# Looking for a place to sell my work??



## Brat700 (Mar 16, 2009)

Does anyone know of a site where members can list they woodworking items for sale to the public?
If one does not exsist then I think we should start one, I know there is ebay, but I would think there should be a place where the public could shop for fine woodworking items without all the other stuff.
Jerry


----------



## getneds (Mar 18, 2009)

I'll help build one… You have my interest. There never was a woodworking only place that I've seen. Especially for quality work. Most people see our stuff then insult us with" I'll give ya $20.00 for that. When it's $30.00 in wood! That the story with us woodworkers. We take pride in our work, so we go OCD on it until we think it's perfect. Waaaay too much time for a box. But thats what we love…..to work the wood!! If we can only make a place for that where educated customers buy from us. The ones who know what they want and recognize quality when they see it. I'll put up a site, if you guys from lumberjocks want to fill it with products. I can manage the orders and we might just create the "L.J.Bay" <~pun intended

anyways if this is of interest to enough of you I'll get it rolling. Please let me know what you think and post if you'd submit your items…..

Frankie

www.getneds.com


----------



## joew (Apr 22, 2008)

I would like to hear more about it


----------



## NY_Rocking_Chairs (Jul 20, 2008)

Etsy is a website for the hand made items, a few LJ'ers sell on there.


----------



## dennis (Aug 3, 2006)

Finding a site to sell is a lot easyer that finding a site that people buy from.
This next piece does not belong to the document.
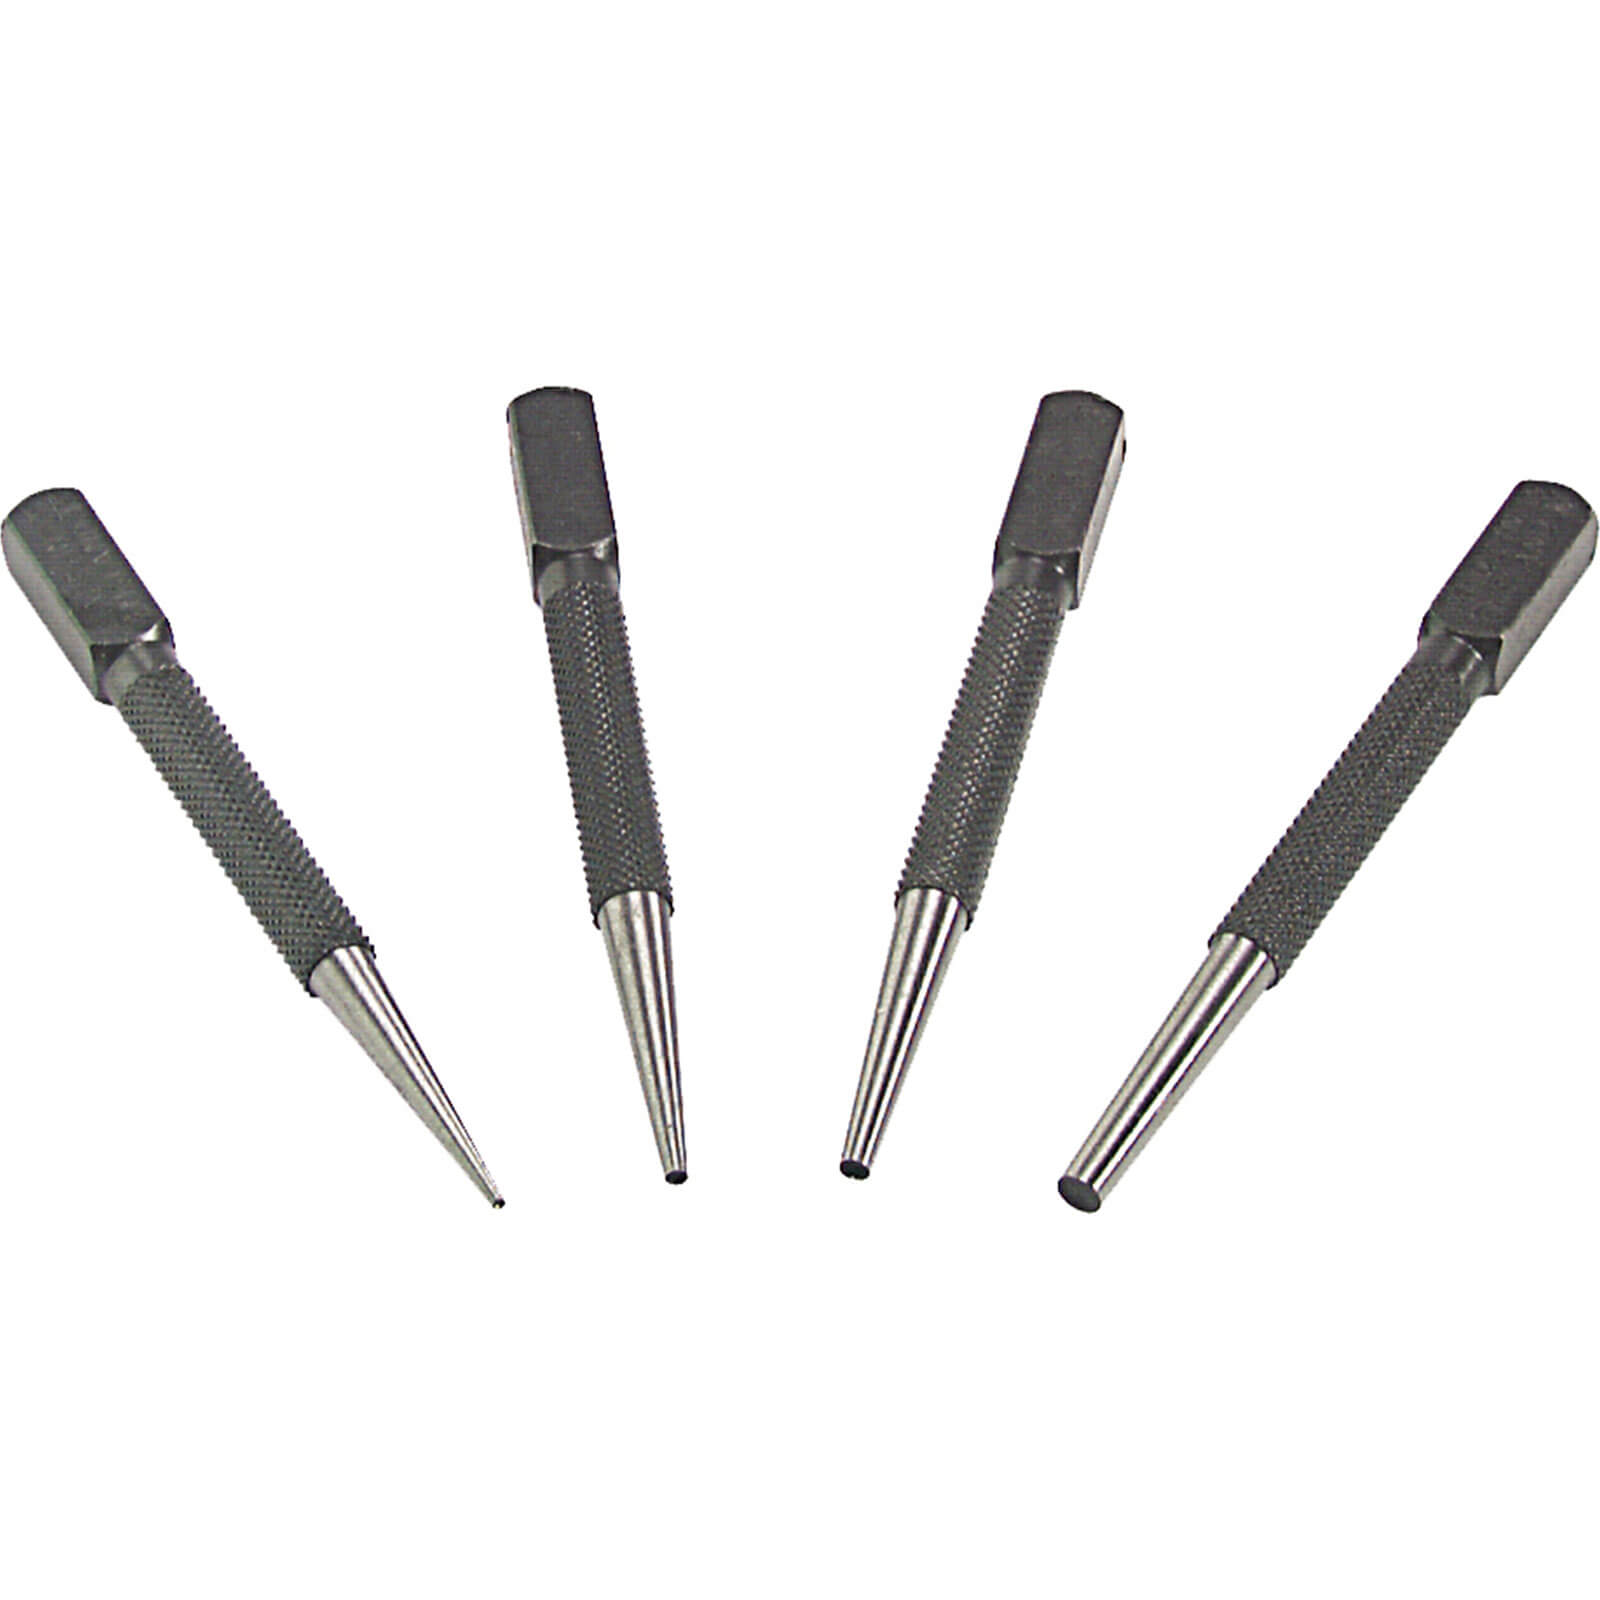 Image of Priory 4 Piece Nail Punch Set

If you find one of those tell me.


----------



## Boardman (Feb 7, 2008)

The problem with internet sales is that the people never get a real close look at it, to kick the tires, etc. Plus you've got to ship it, so unless they're small items, you may have to crate them up. Then possible damage in transit. And if they're dissatisfied for some reason, then there's resolving the conflict.

It's best to look for a local outlet, but ttehy're not easy to find either. Art galleries want 40% of retail and in my experience they don't actually sell much merchandise. Consignment shops are a possibility if they sell higher-end materials.

I did a local art fair in my target market area last year, and will be doing it again this year. I can tell it's made a difference - it gives people a chance to see the "real thing," and opens up the possibility of custom work. I sold $1200 last year, but I had initial expenses of $500. This year it's only $150 and I learned what type of items are most likely to sell.


----------



## sandhill (Aug 28, 2007)

There are a number of them, Etsy is one and so is Page Buzz, you can list items on the new site I launched recently (free) as well. There are a few items there now. I just checked the stats and there were as many as 16 people on at one time and we had 165 hits, not bad for only being live 2 weeks.
http://www.woodworkerslist.com/

If you have quality built items you should get a reasonable price. I rarely get anyone trying to lo-ball my stuff. I sold 2 walnut Arts & Crafts chairs for $425.00 each about 6 weeks ago, the cushions were another $240.00. When they get back from a trip they want to talk about a 6 cushion couch with end tables built on. I love a challenge.


----------